Russian troops in Ukraine are compiling lists of journalists for questioning

Reporters Without Borders (26.04.2022) – https://bit.ly/3OFg08g – As Russian soldiers in the mostly occupied Zaporizhzhia region draw up “lists of leading local figures to be kidnapped” and search for journalists in order to make them collaborate or to silence them, Reporters Without Borders (RSF) reminds the Russian authorities that targeting journalists is a war crime.

The Zaporizhzhia-based news website 061.ua yesterday received its 12th threatening email from a Russian source since the start of the invasion, this one in the form of a children’s fairy-tale about a journalist with a Nazi father.

The preceding one, on 17 April, was very specific: “All journalists will be held responsible for spreading false information about Russia and spreading the Ukrainian Nazi regime’s propaganda […] A military tribunal will be set up for all those who support the Nazi regime led by [Ukrainian President] Zelenskiy.”

061.ua is based in the city of Zaporizhzhia itself, one of the few places in the Zaporizhzhia region that is not occupied. Another independent media outlet, Inform.zp.ua, is receiving similar messages. These news sites are also being subjected to DDOS attacks, in which sites are deliberately swamped with a flood of connection requests in order to block them.

In other cities and towns in the region – Melitopol, Berdiansk, Enerhodar and Tokmak – journalists have received “visits” from Russian soldiers, they have been subjected to interrogations and searches, their equipment has been seized, and in some cases have been taken hostage.

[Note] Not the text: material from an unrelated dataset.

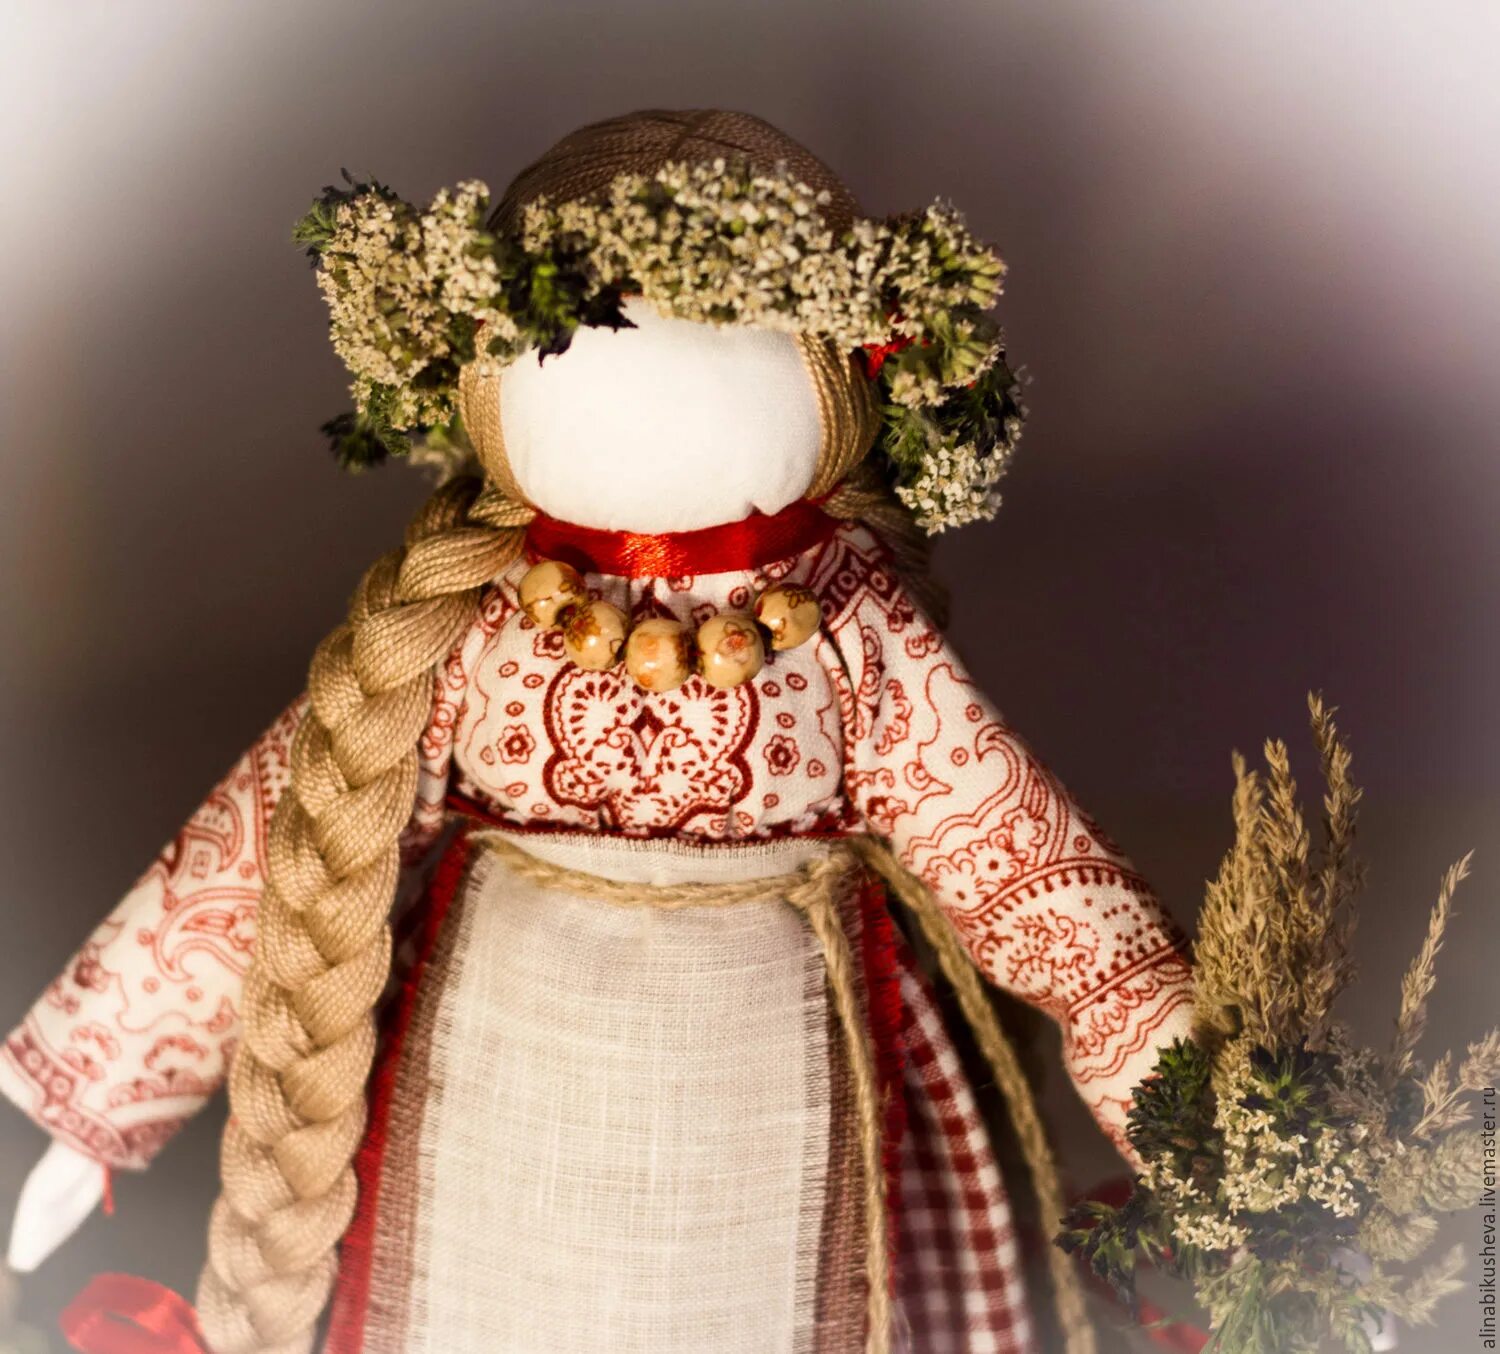 Народная игрушка оберег. Народная тряпичная кукла Берегиня. Славянская обережная кукла Берегиня. Белорусская кукла Берегиня. Тряпичные куклы обереги Берегиня.

If they refuse to cooperate, their media outlets are forcibly closed or they may even be abducted. That is what happened to Irina Dubchenko, a journalist working for the UNIAN news agency and the Subota-plus weekly newspaper. She was abducted in Donetsk, in the Donbas region, on 26 March and was not released until 11 April.

According to Natalia Vyhovska, the Zaporizhzhia region representative of RSF’s local partner, the Institute of Mass Information (IMI), “the occupiers have lists of journalists and activists who they are watching.”

When a large number of journalists were simultaneously taken hostage in Berdiansk on 8 March, Serhii Starushko, a journalist with the PRO-100 media group, saw soldiers interrogate colleagues to get the names of other journalists and note them down on a list. The soldiers can then get the addresses of their homes from the local government databases they control in the occupied territories.

The use of such methods to track down journalists and others has also been reported by several foreign reporters and by the head of the Zaporizhzhia regional military administration, Oleksandr Starukh.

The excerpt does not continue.